#### [Exercise]
Among the lines below, output only those between the line holding "Свадьба - French" and the line holding "Florsheim Getaway Strap", inclusive, exactly as written and with no pictures.

#### [Data listing]
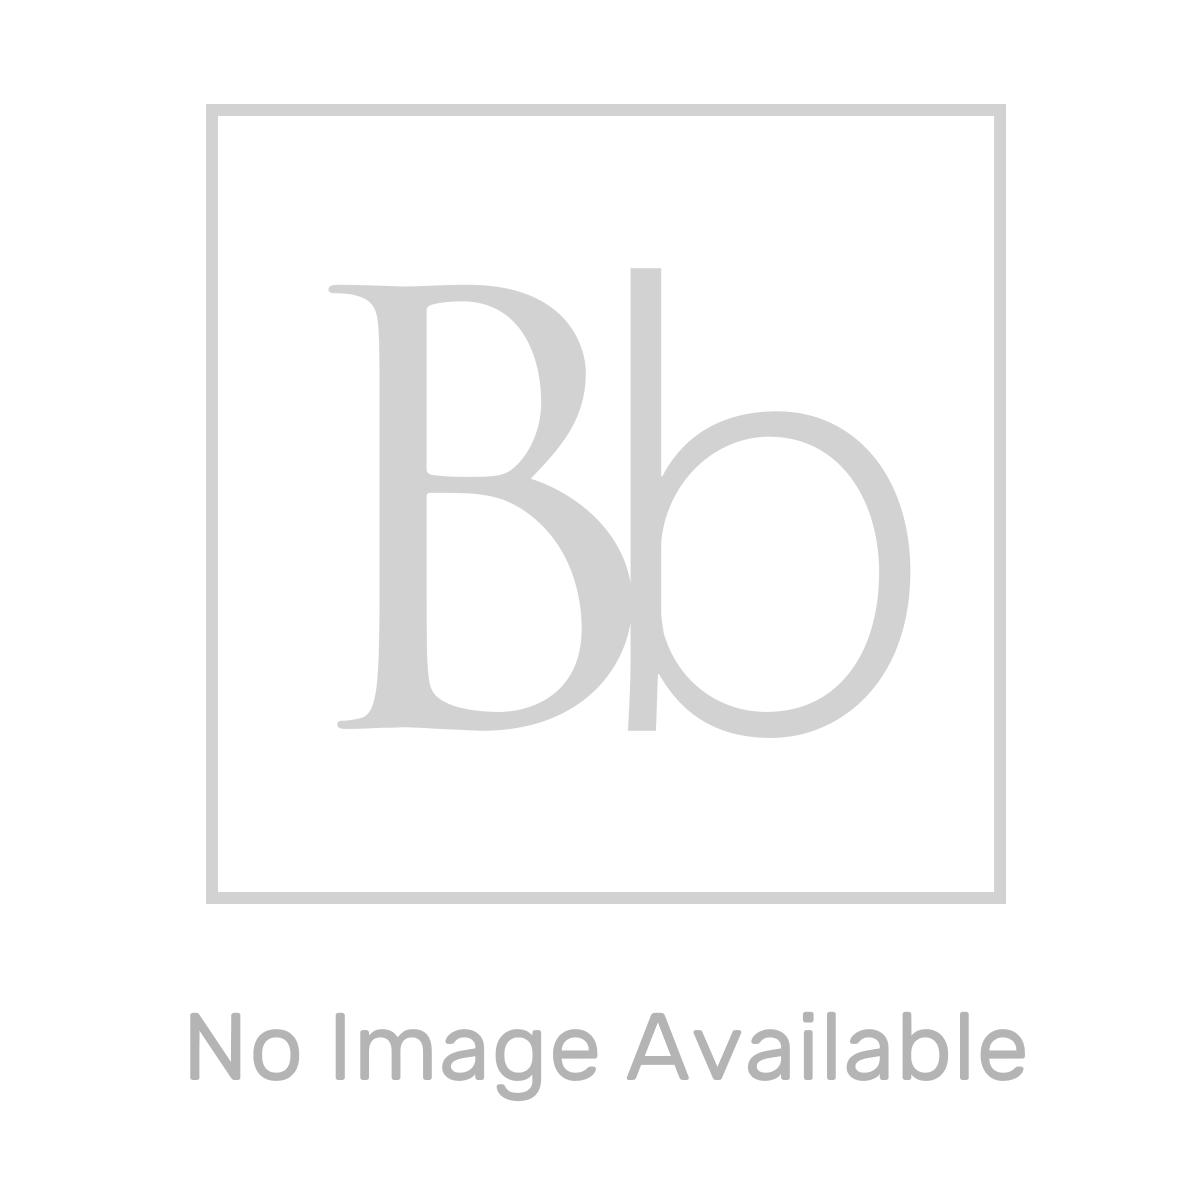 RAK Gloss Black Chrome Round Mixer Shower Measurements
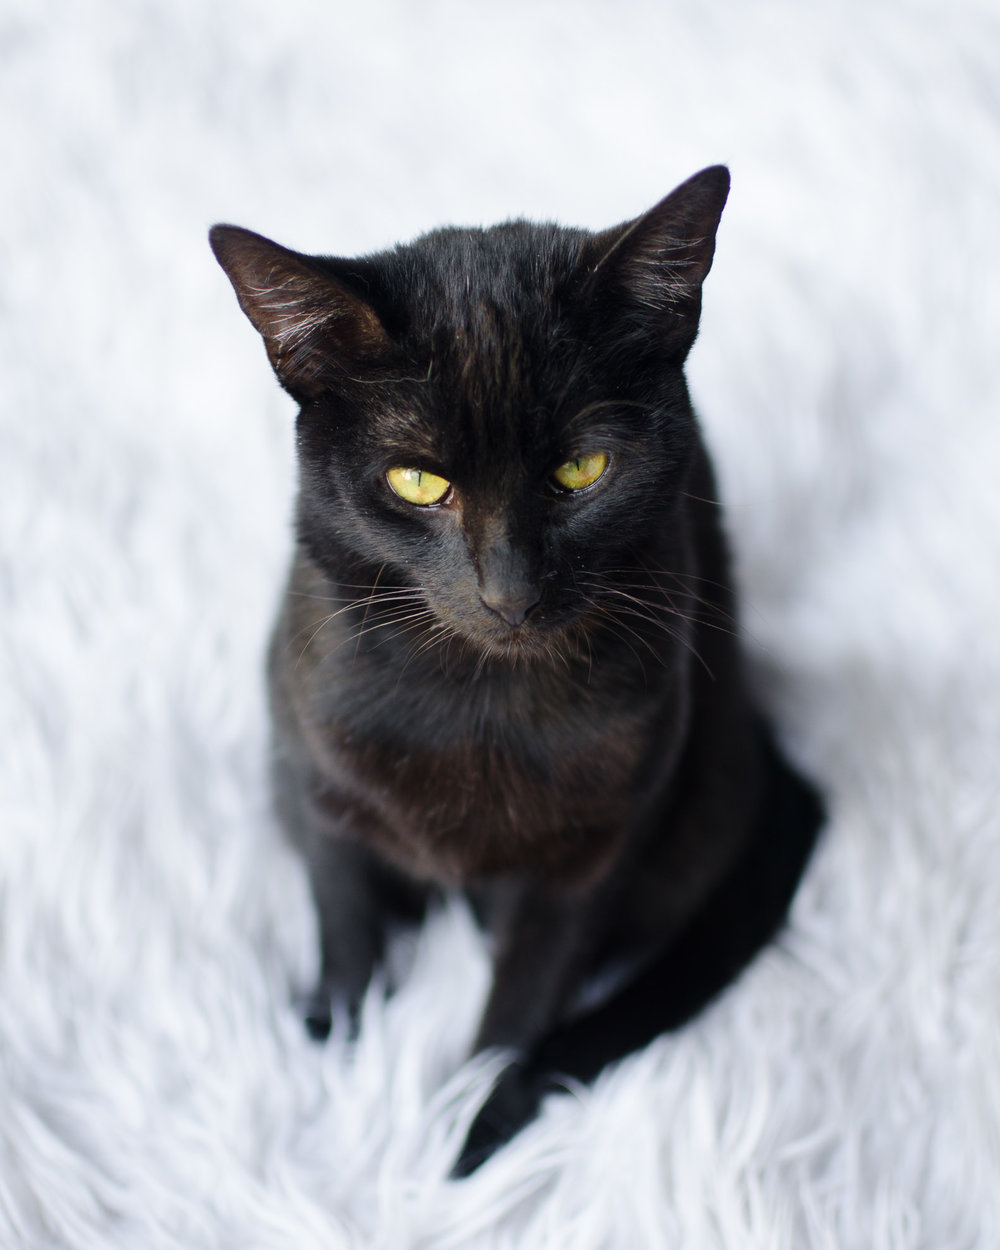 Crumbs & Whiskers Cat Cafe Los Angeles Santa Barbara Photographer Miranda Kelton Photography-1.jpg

* * *

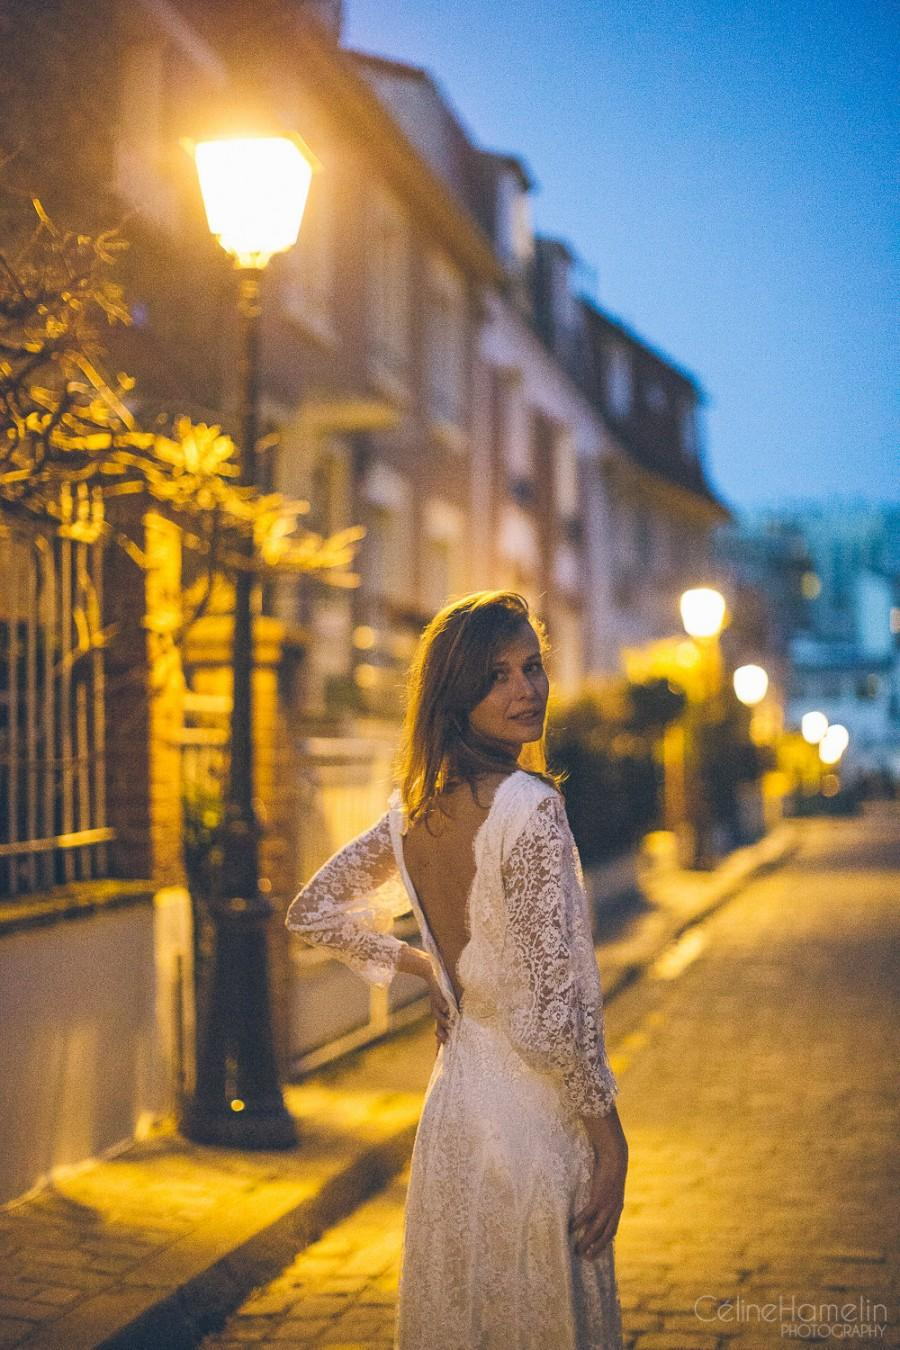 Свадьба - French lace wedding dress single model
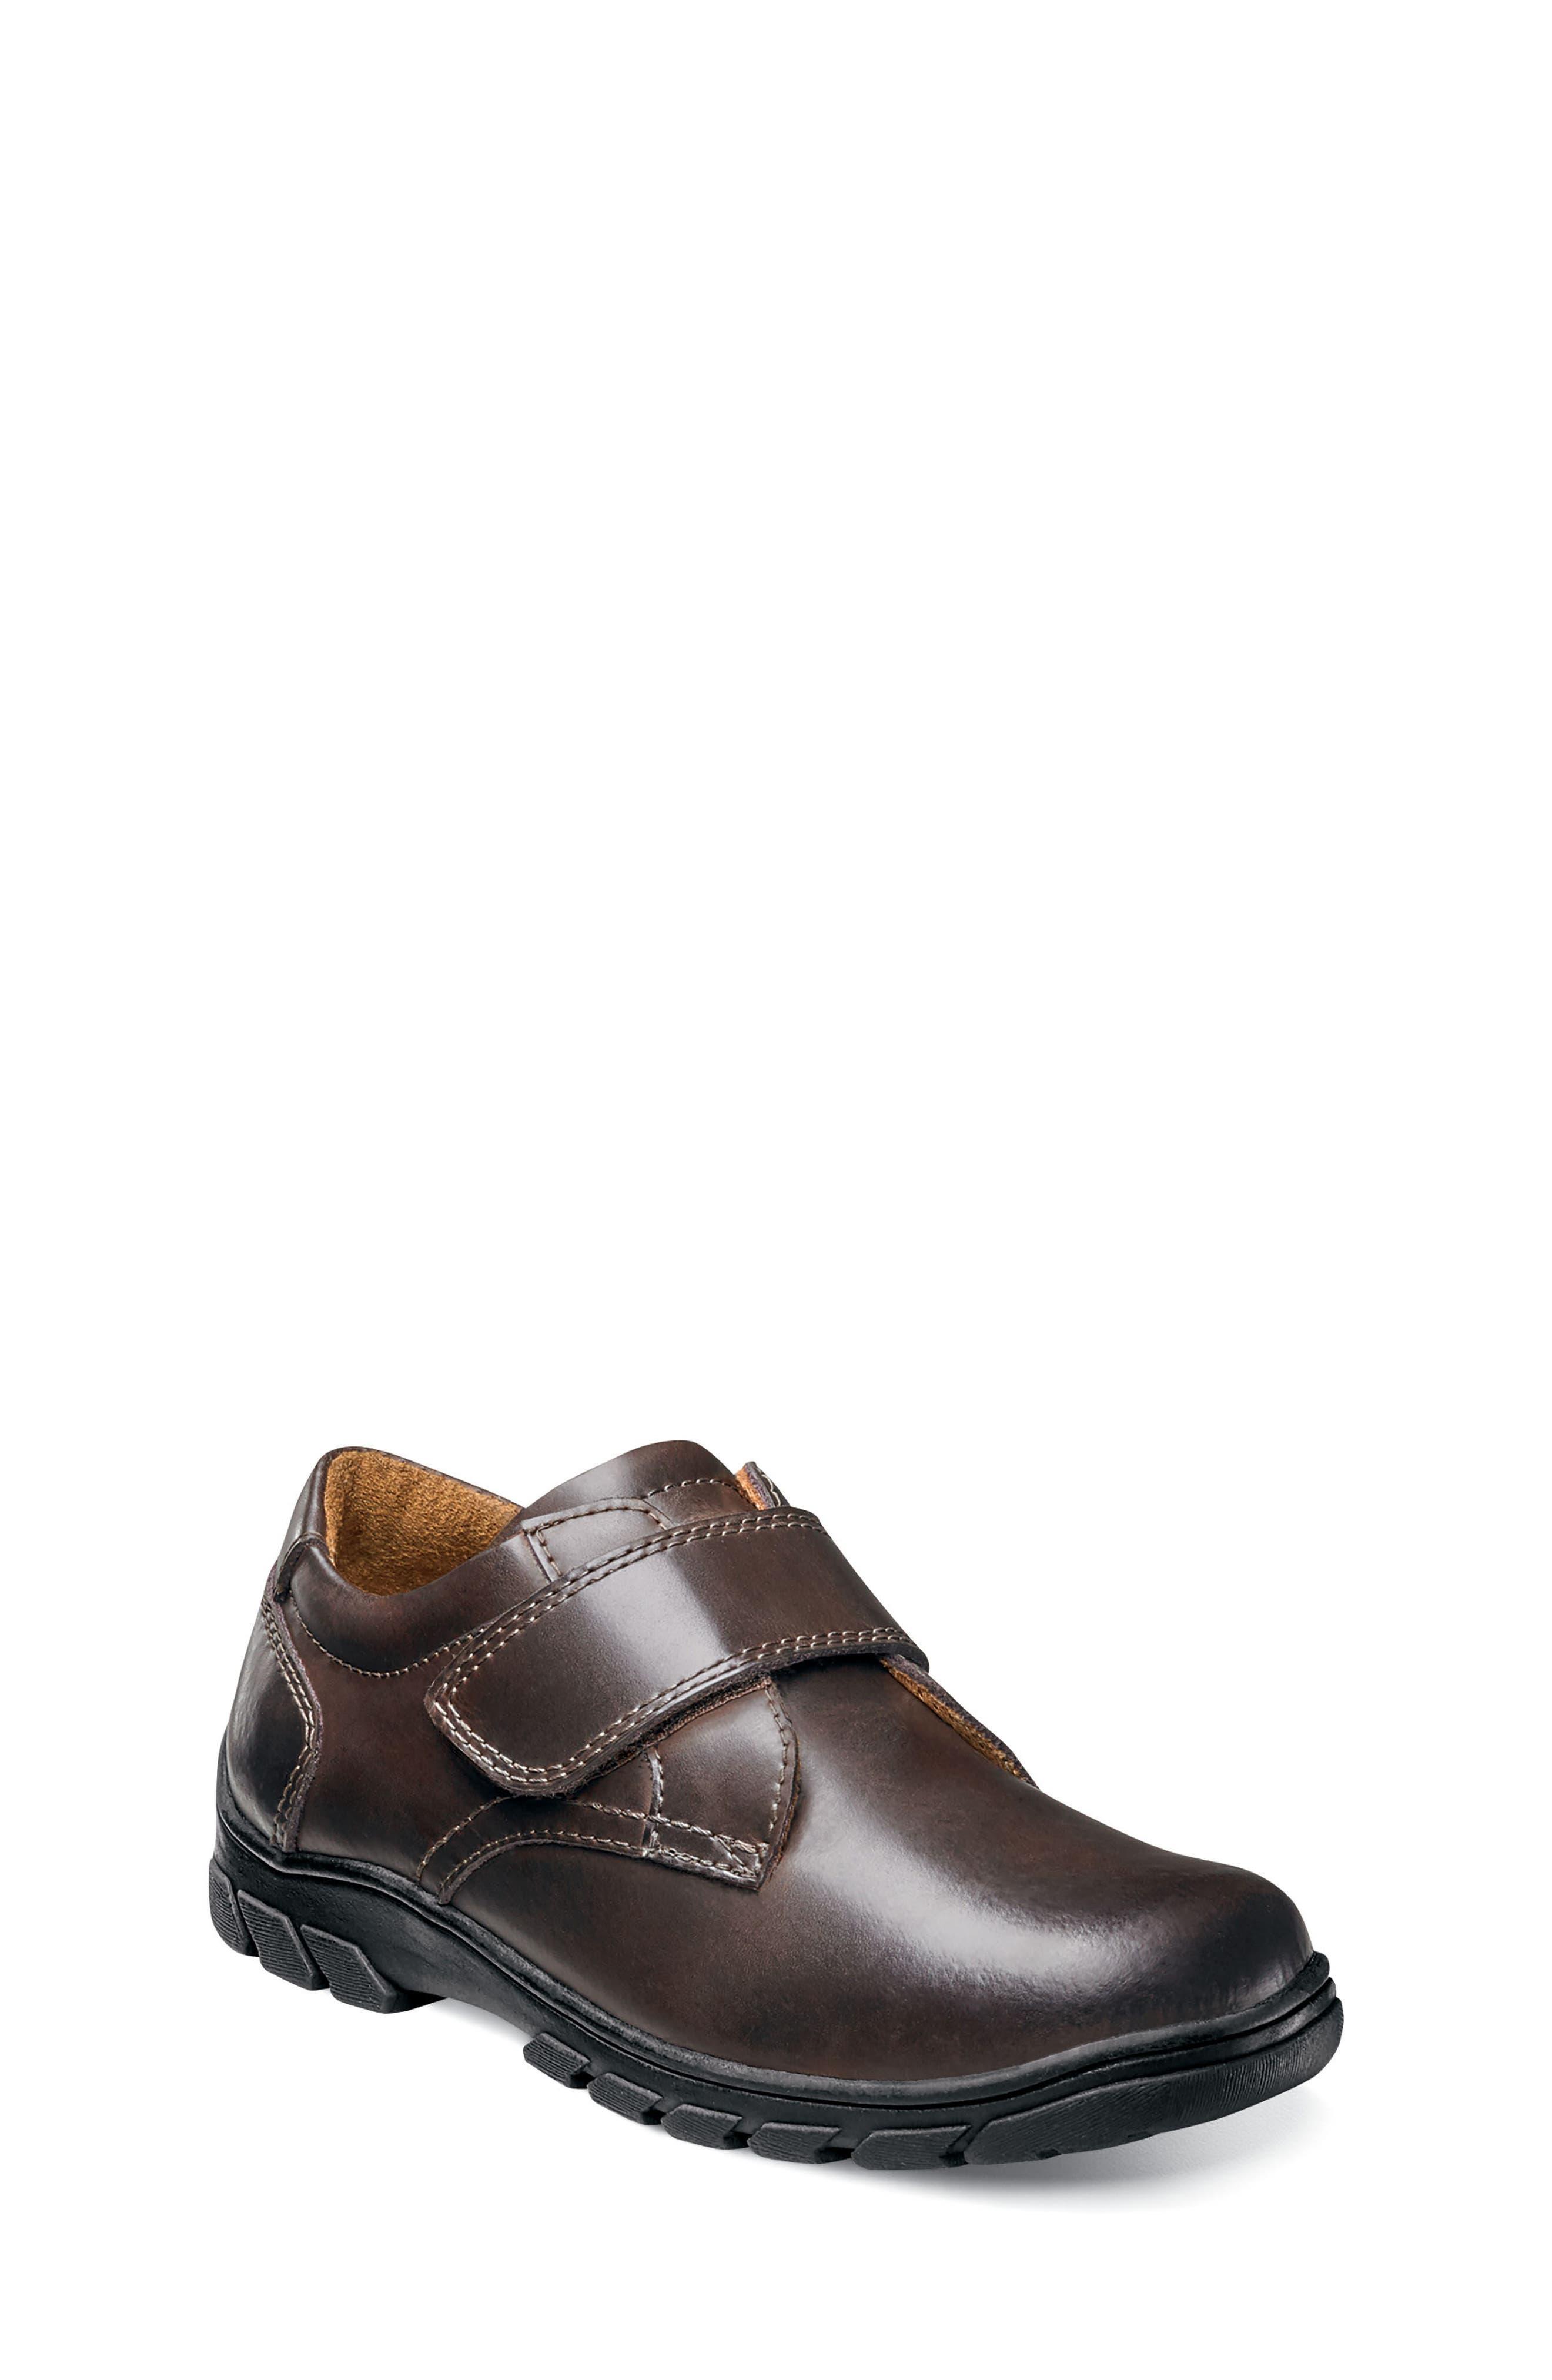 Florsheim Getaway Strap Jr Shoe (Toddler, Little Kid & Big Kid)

#### [Exercise result]
 Свадьба - French lace wedding dress single model
 Florsheim Getaway Strap Jr Shoe (Toddler, Little Kid & Big Kid)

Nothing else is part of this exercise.